Produzido pela Ri7a - a Inteligência Artificial do R7

Agente penal foi morto a tiros durante discussão em quiosque no Recreio Reprodução/RECORD

O policial militar acusado de matar o policial penal Leonardo Figueiredo da Silva, no Recreio dos Bandeirantes, zona sudoeste do Rio de Janeiro, se entregou à Corregedoria da Polícia Militar no último sábado (5). O agente foi transferido para a 23ª DP (Méier) após a apresentação.

O crime aconteceu no dia 17 de agosto, no quiosque Mirroah Deck Bar, localizado na avenida Lúcio Costa. Segundo a Polícia Militar, Leonardo morreu após ser baleado durante uma discussão com o PM, que é lotado no 12º BPM (Niterói).

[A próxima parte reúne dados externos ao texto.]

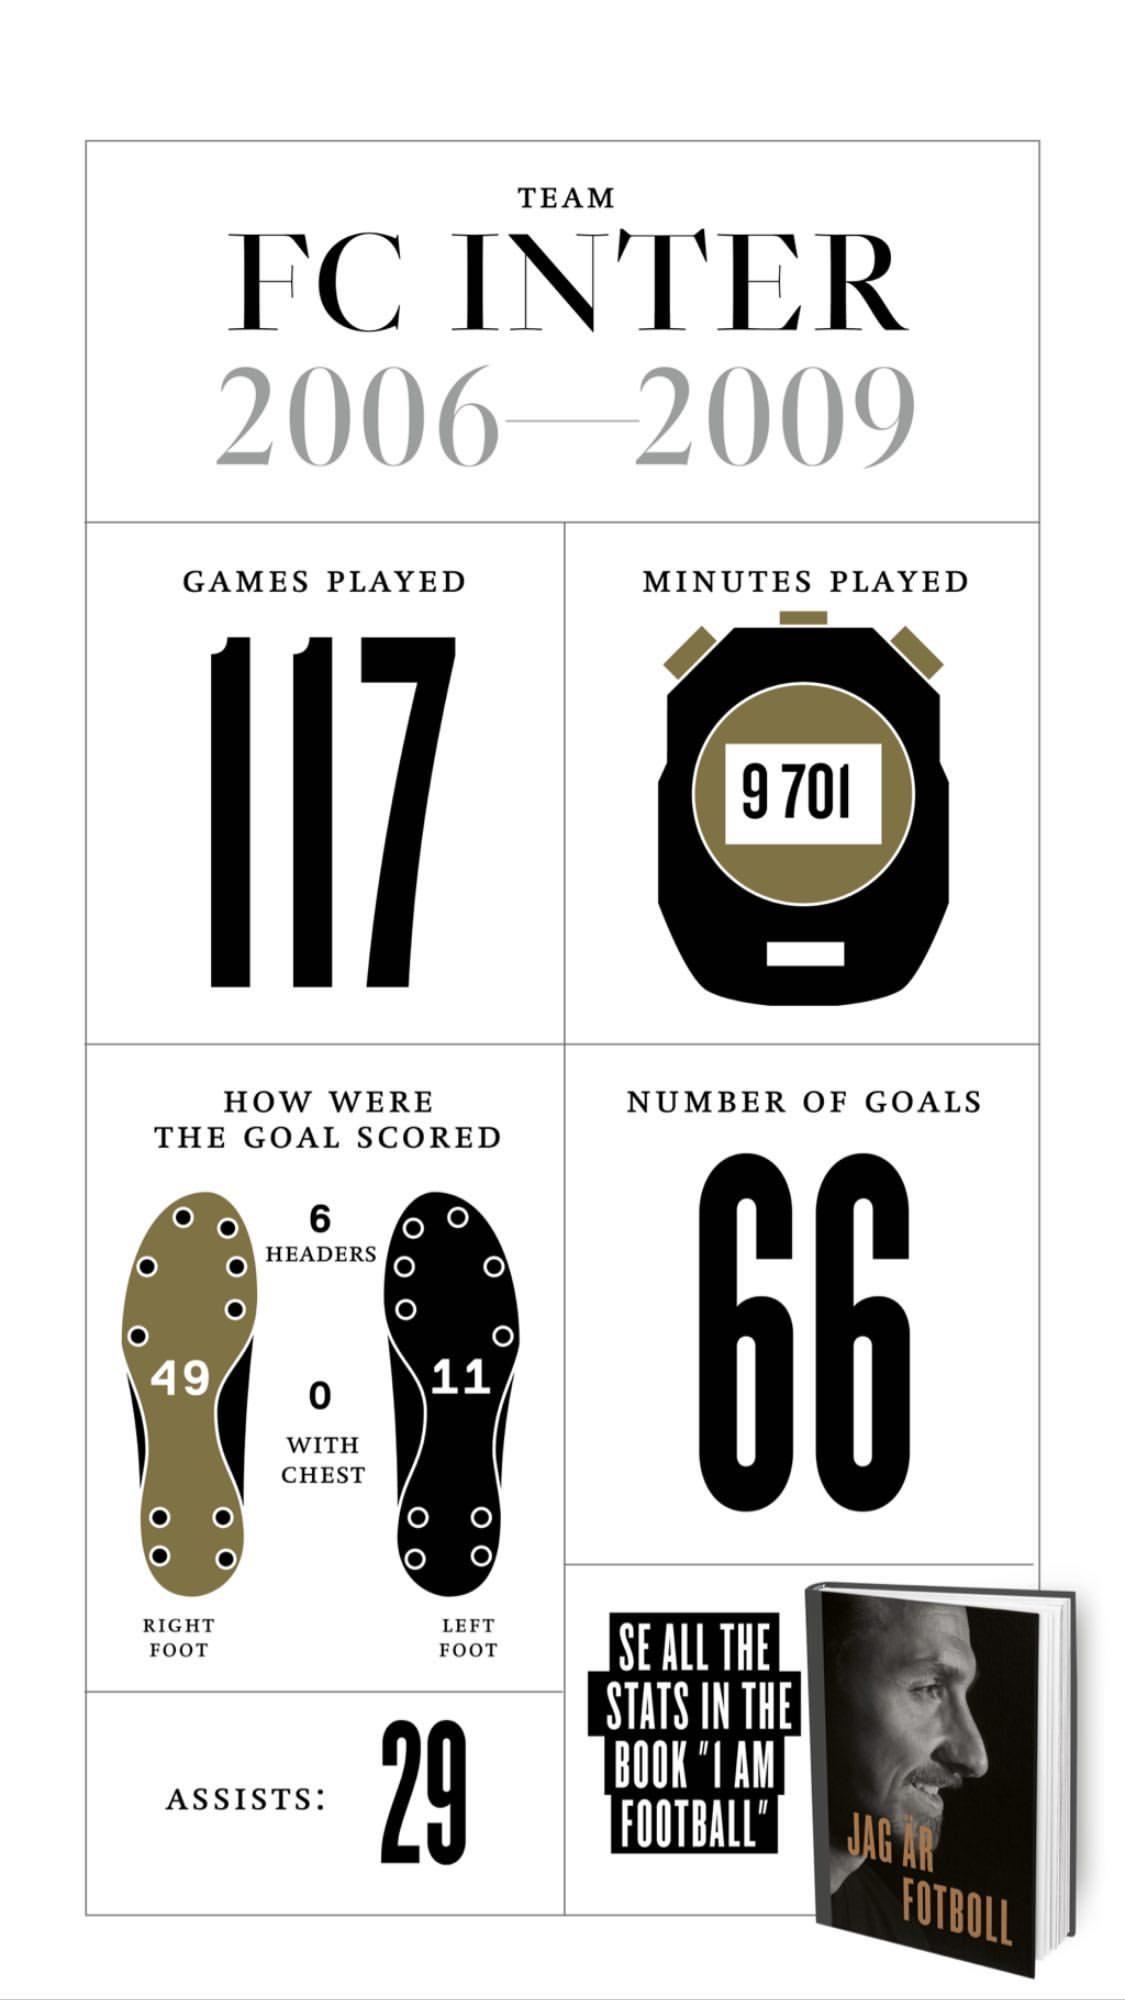 Златистика: интересные цифры Златана Ибрагимовича (Фото) - изображение 4

De acordo com as informações repassadas à polícia, os dois se envolveram em um desentendimento dentro do estabelecimento. O militar afirmou que teria sido agredido e que Leonardo teria efetuado vários disparos no local. Ainda segundo o relato apresentado pelo PM, ele reagiu e atirou contra o policial penal.

Agentes do 31º BPM (Recreio dos Bandeirantes) foram acionados para verificar uma ocorrência de homicídio e encontraram Leonardo caído no chão, já sem vida. O local foi isolado para a realização da perícia.


O PM foi levado inicialmente para a DHC (Delegacia de Homicídios da Capital), responsável pela investigação. Na ocasião, ele prestou depoimento e foi liberado.

O mandado de prisão contra o policial militar foi expedido na noite de sexta-feira (4). No dia seguinte, ele se apresentou espontaneamente na Corregedoria da Polícia Militar e, posteriormente, foi encaminhado para a 23ª DP.


A investigação busca esclarecer as circunstâncias da discussão e dos disparos que provocaram a morte do policial penal.